Exercise details
Give back every record word for word, but keep the pictures out.

Start of Supplied data

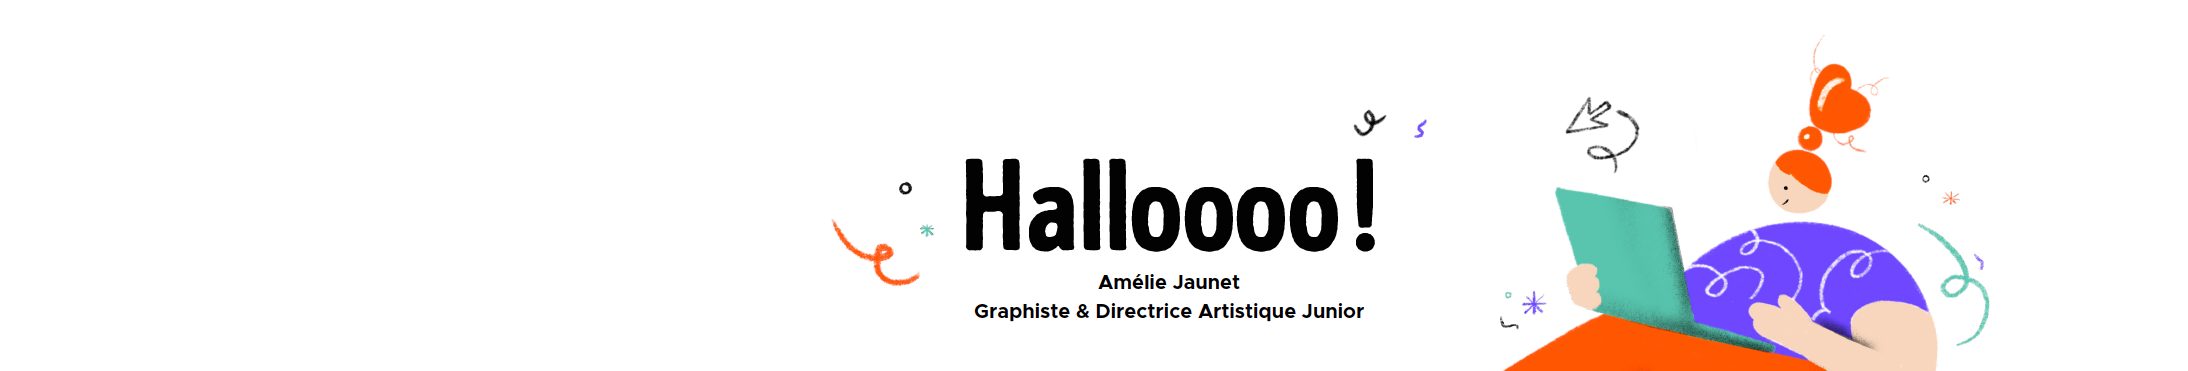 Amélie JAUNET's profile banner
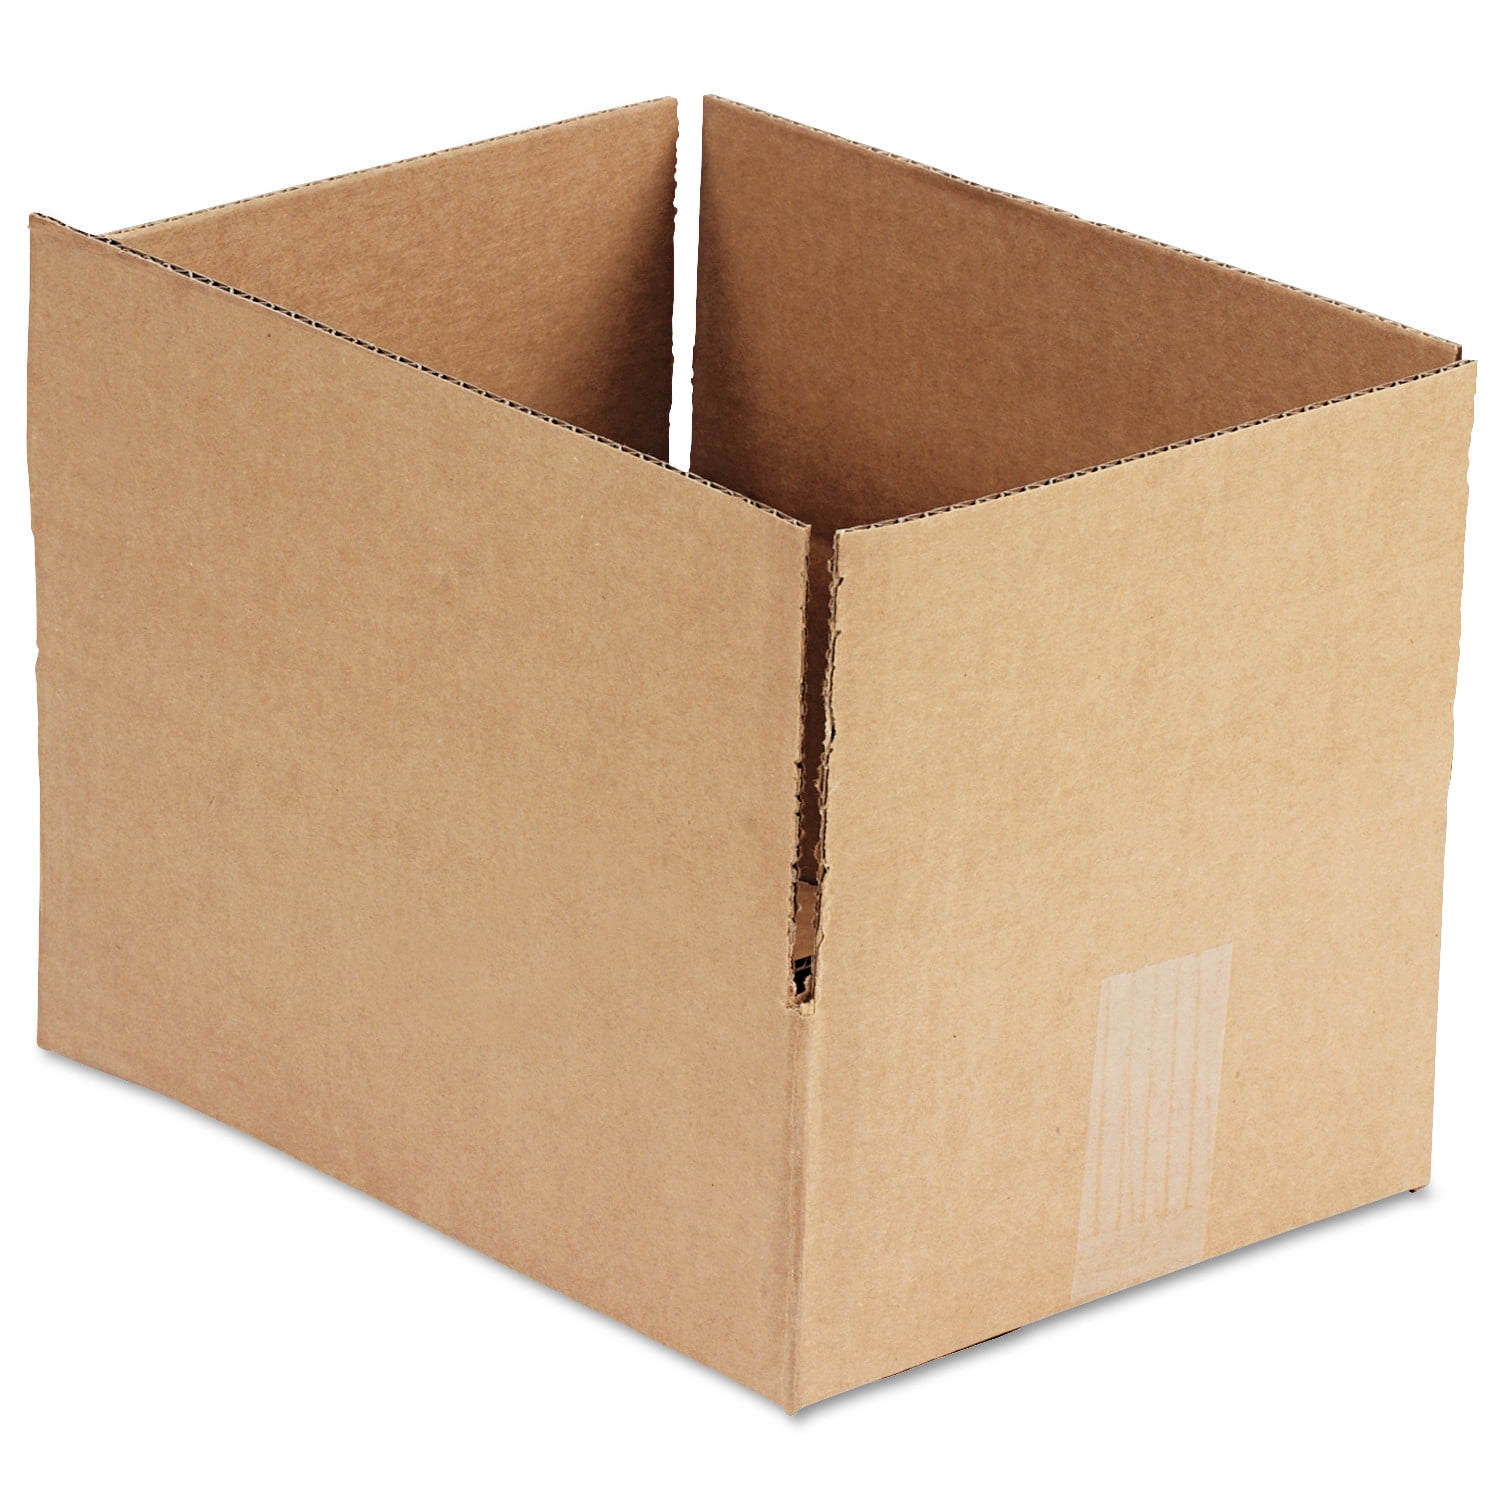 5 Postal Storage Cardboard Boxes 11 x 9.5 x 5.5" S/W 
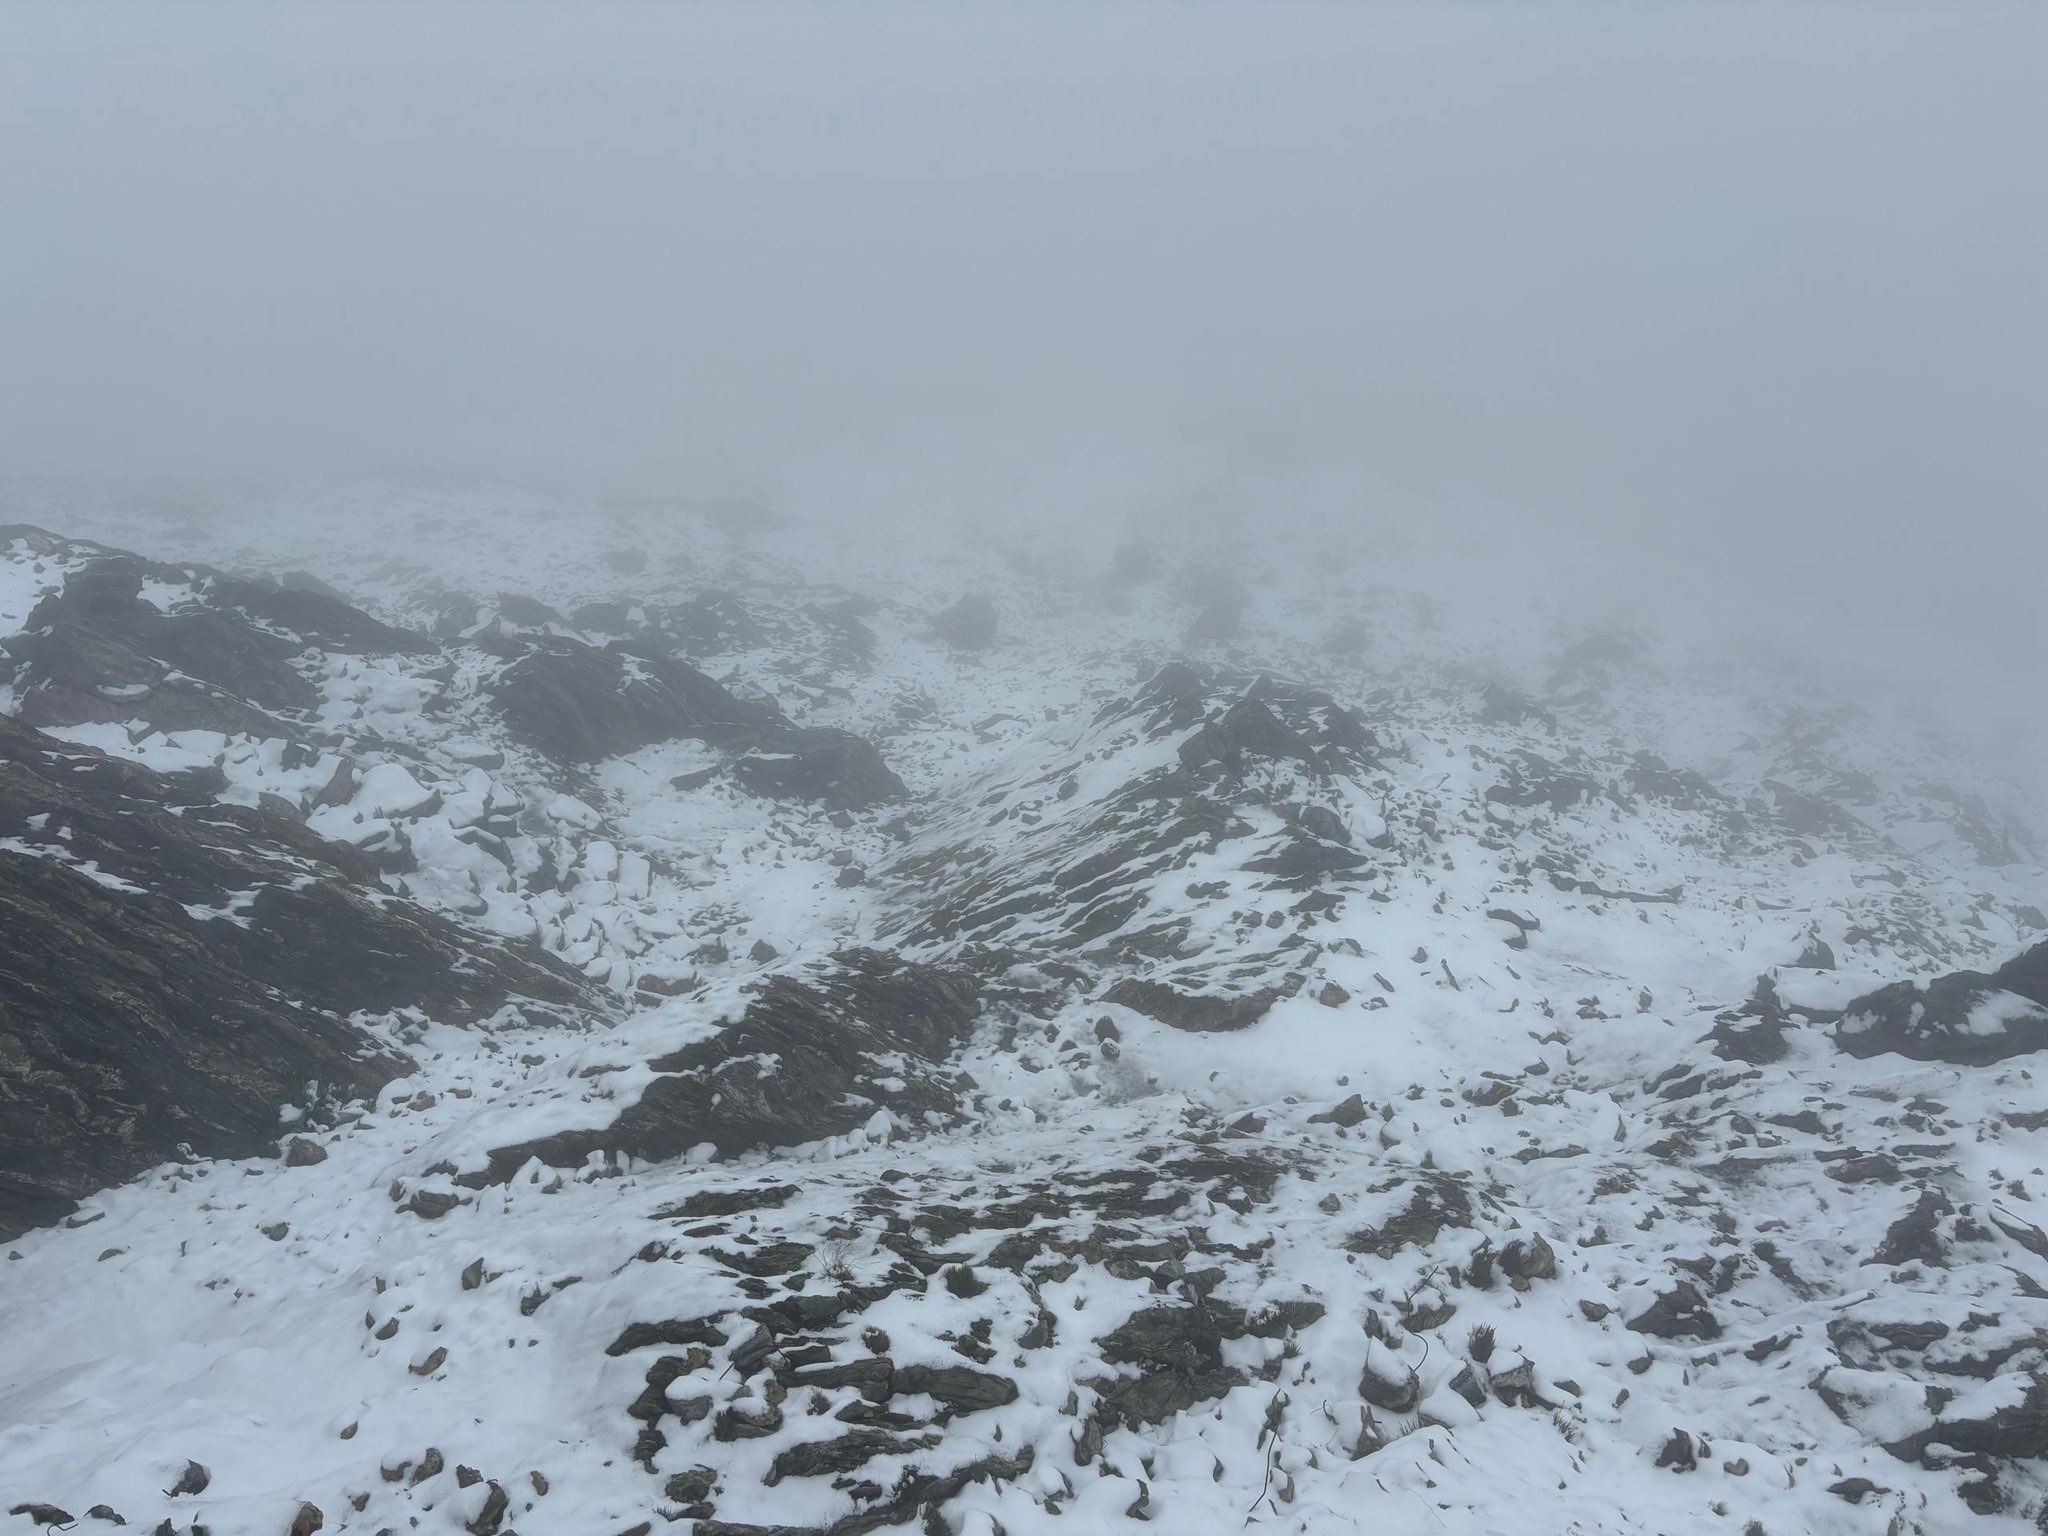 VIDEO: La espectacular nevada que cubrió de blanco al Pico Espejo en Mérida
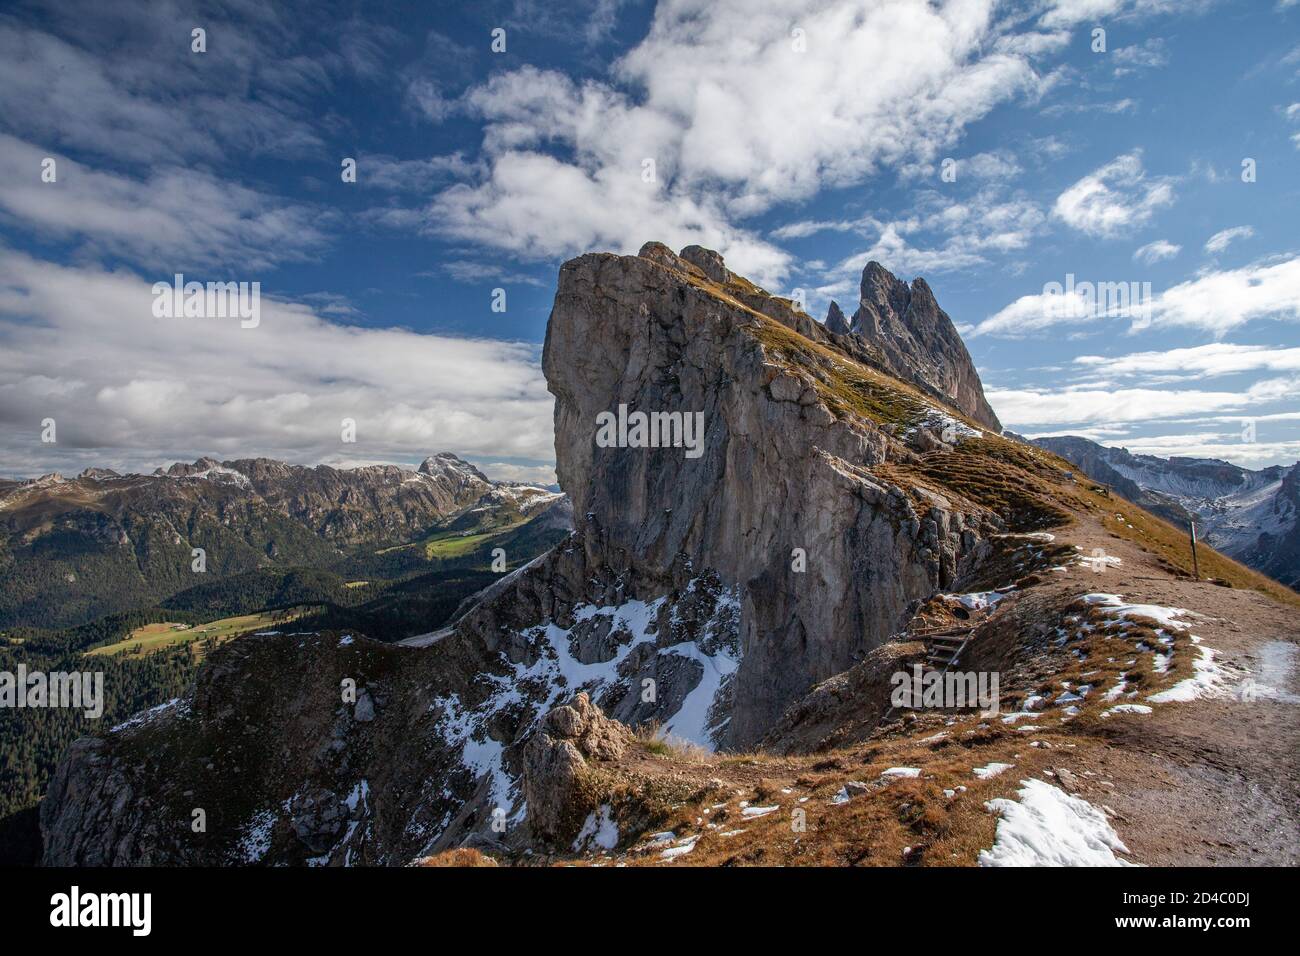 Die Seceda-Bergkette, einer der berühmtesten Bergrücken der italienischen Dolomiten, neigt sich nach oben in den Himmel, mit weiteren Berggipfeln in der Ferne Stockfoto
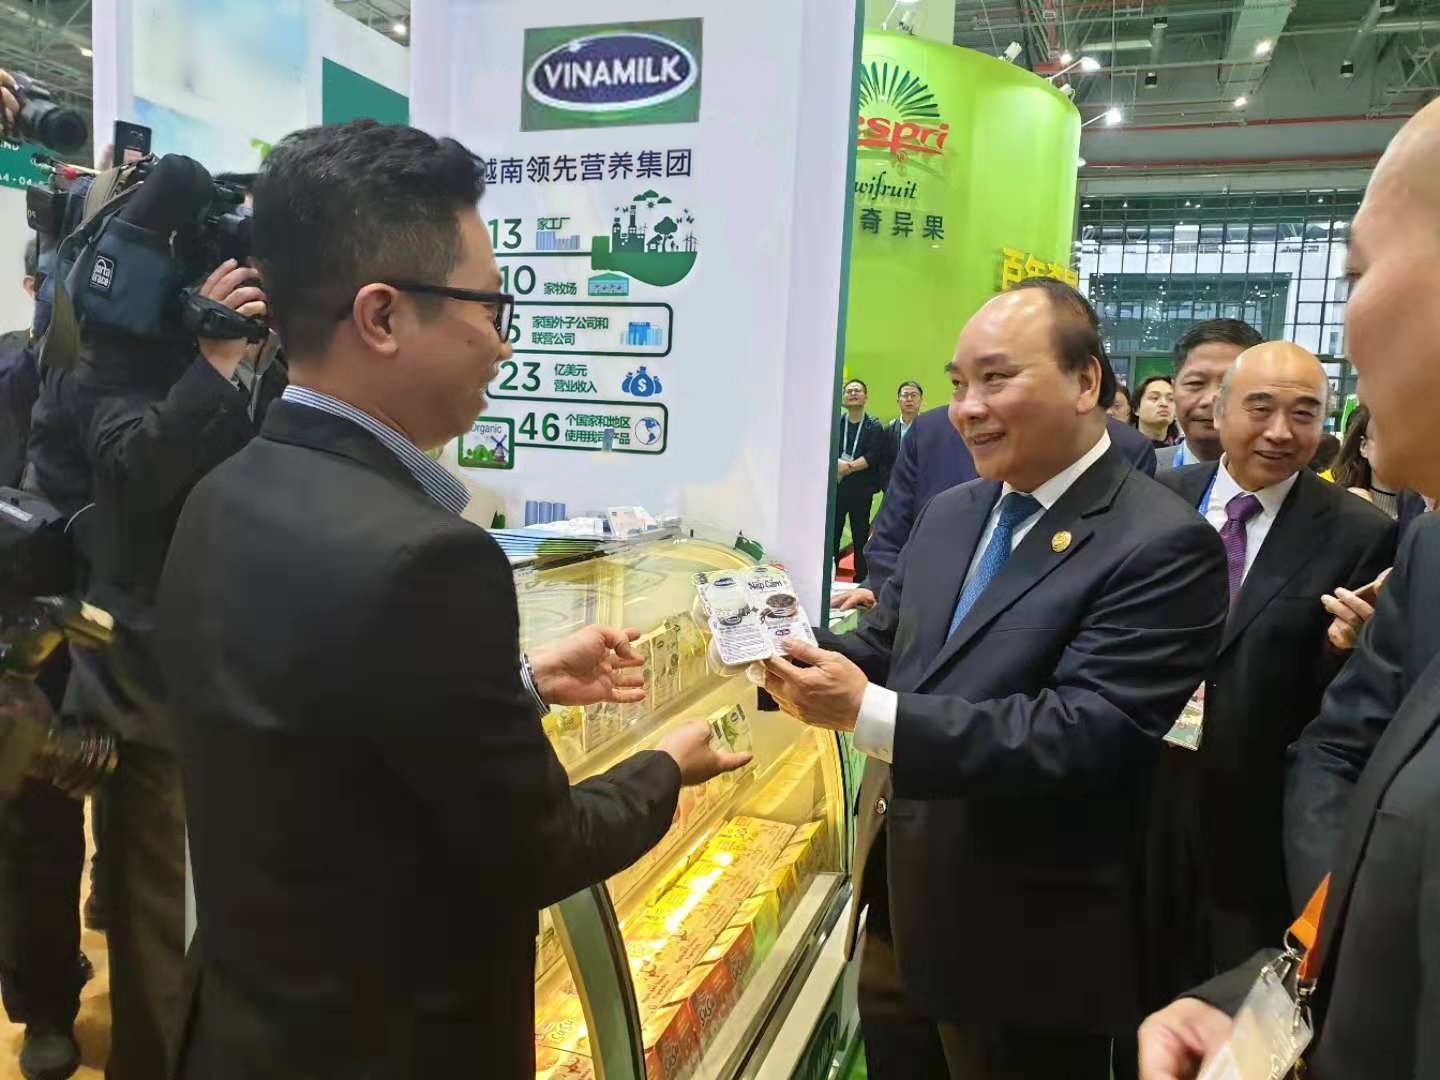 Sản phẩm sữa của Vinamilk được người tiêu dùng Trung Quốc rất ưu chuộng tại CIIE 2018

End of Supplied data

Exercise solution
 Amélie JAUNET's profile banner
 5 Postal Storage Cardboard Boxes 11 x 9.5 x 5.5" S/W 
 VIDEO: La espectacular nevada que cubrió de blanco al Pico Espejo en Mérida
 Die Seceda-Bergkette, einer der berühmtesten Bergrücken der italienischen Dolomiten, neigt sich nach oben in den Himmel, mit weiteren Berggipfeln in der Ferne Stockfoto
 Sản phẩm sữa của Vinamilk được người tiêu dùng Trung Quốc rất ưu chuộng tại CIIE 2018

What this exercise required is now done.